Progress Toward Value-Based Care in 2025  

by Lisa McCracken  / January 9, 2025

Partnering for Health  • Market Trends  • Medicare  • Memory Care  • Policy (Regulations)  • Blog

As we look ahead in 2025, the senior living industry is poised for significant transformation, with value-based care (VBC) at the forefront of this evolution. The Centers for Medicare & Medicaid Services (CMS) has set an ambitious goal to have all Medicare beneficiaries in some form of value-based care arrangement by 2030, and the industry is making strides toward this objective.  

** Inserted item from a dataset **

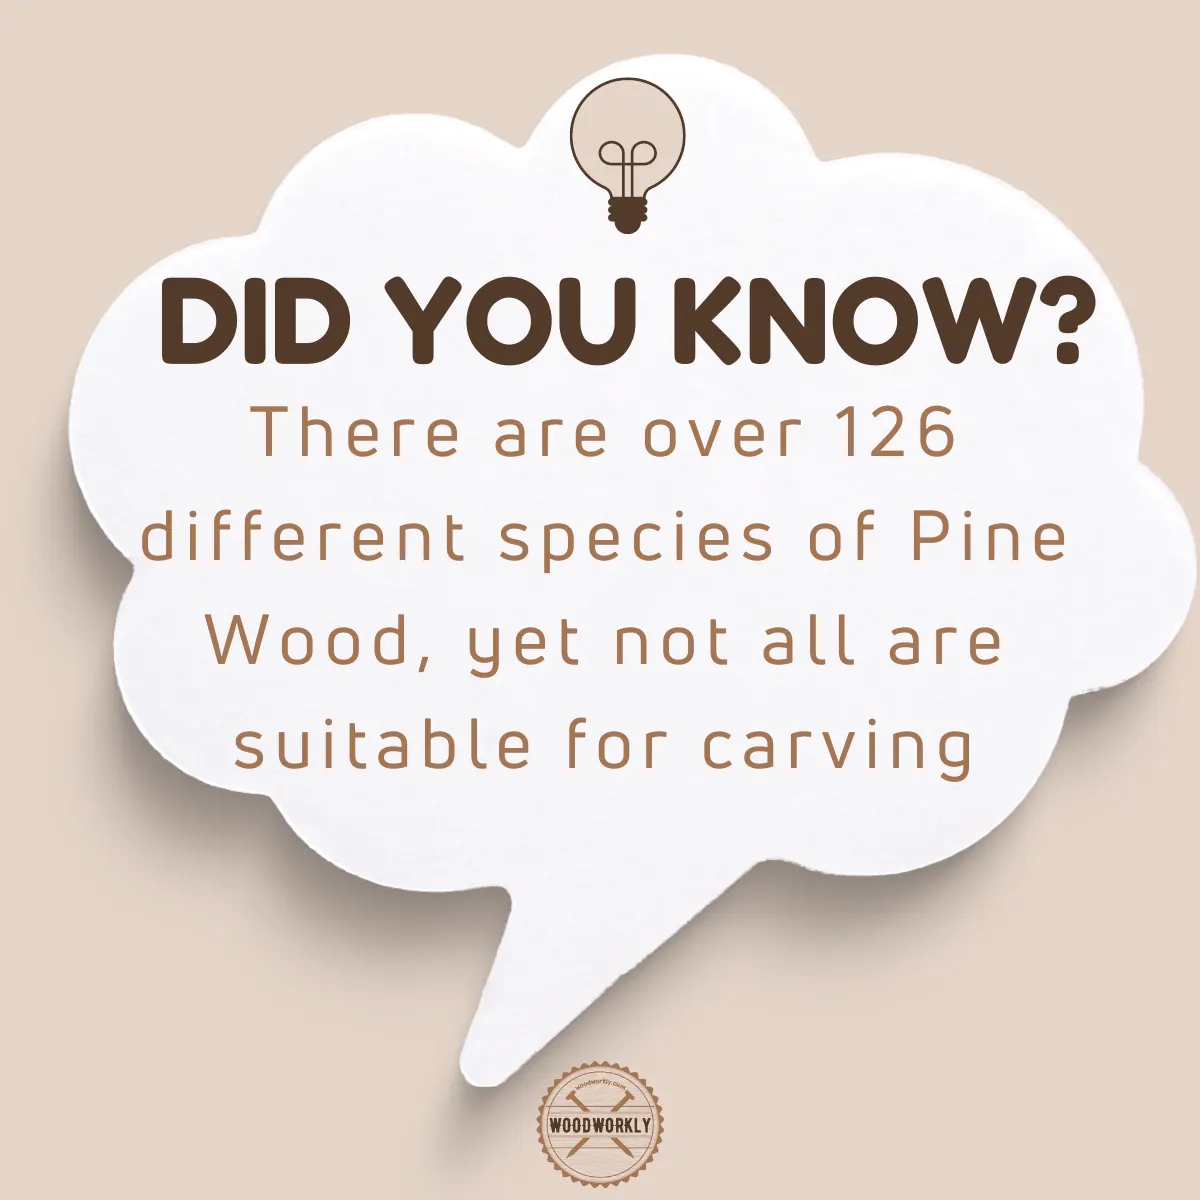 Did you know fact about carving Pine wood

The transition to value-based care has been gaining momentum, particularly within the Medicare population. In 2024, KFF reported that 54% of eligible Medicare beneficiaries were enrolled in a Medicare Advantage (MA) plan as opposed to the traditional fee-for-service plan. Enrollment in MA plans has been rising steadily each year and CMS projects increased enrollment numbers again in 2025. As an alternative, several operators have entered into risk-bearing arrangements where they either own their own plan or participate in a joint venture with an existing payer. We anticipate continued growth in these provider-led plans in 2025 as operators aim to have greater control over reimbursement and quality decisions for those they care for.  

Growing Revenue Streams 

The recently announced CMS GUIDE Model (Guiding an Improved Dementia Experience)  presents a promising opportunity for senior living operators to participate in value-based care while generating additional revenue. GUIDE is not a shared savings or capitated model but is a condition-specific care model designed to be compatible with other models and programs like ACOs that aim to provide opportunities to improve care and reduce overall healthcare spend. Specifically, this model aims to help older adults with dementia stay healthy at home longer and introduces a new payment structure for participating providers. 

Key aspects of the GUIDE model include: 

  • Reimbursement for care assessments 
  • Compensation for care planning 
  • Payments for educating caregivers 

Many senior living operators are already performing these tasks, making the GUIDE model a natural fit for their existing operations. As the CMS Innovation Center continues to explore alternative payment models, it is anticipated that there may be additional opportunities for senior living organizations to be reimbursed for value provided.  

Enhancing Data Sophistication 

As an industry, we need to become more sophisticated in our data tracking, reporting, and implementation. This is an imperative for the industry and something that is absolutely critical in making progress towards not only value-based care arrangements, but in improving outcomes and communicating the evidence of value provided. The adoption of platforms that enable operators to accurately track key metrics on residents, to access information in real-time, and to support proactive interventions are paramount. We are optimistic that the sector will continue to improve in its data collection and reporting efforts in 2025 and will move toward greater standardization of key performance metrics.     

As we enter the new year, the senior living industry is at a critical juncture in its journey toward value-based care. While progress has been made, there is still considerable work to do. The transition to value-based care represents not just a change in payment models, but a fundamental shift in how we approach senior care. By focusing on outcomes rather than services rendered, the industry has the potential to significantly improve the quality of life for seniors while also enhancing operational efficiency and financial sustainability. With innovative models like GUIDE and increasing awareness of value-based care benefits, we can expect more senior living operators to explore and adopt value-based care arrangements in the coming year.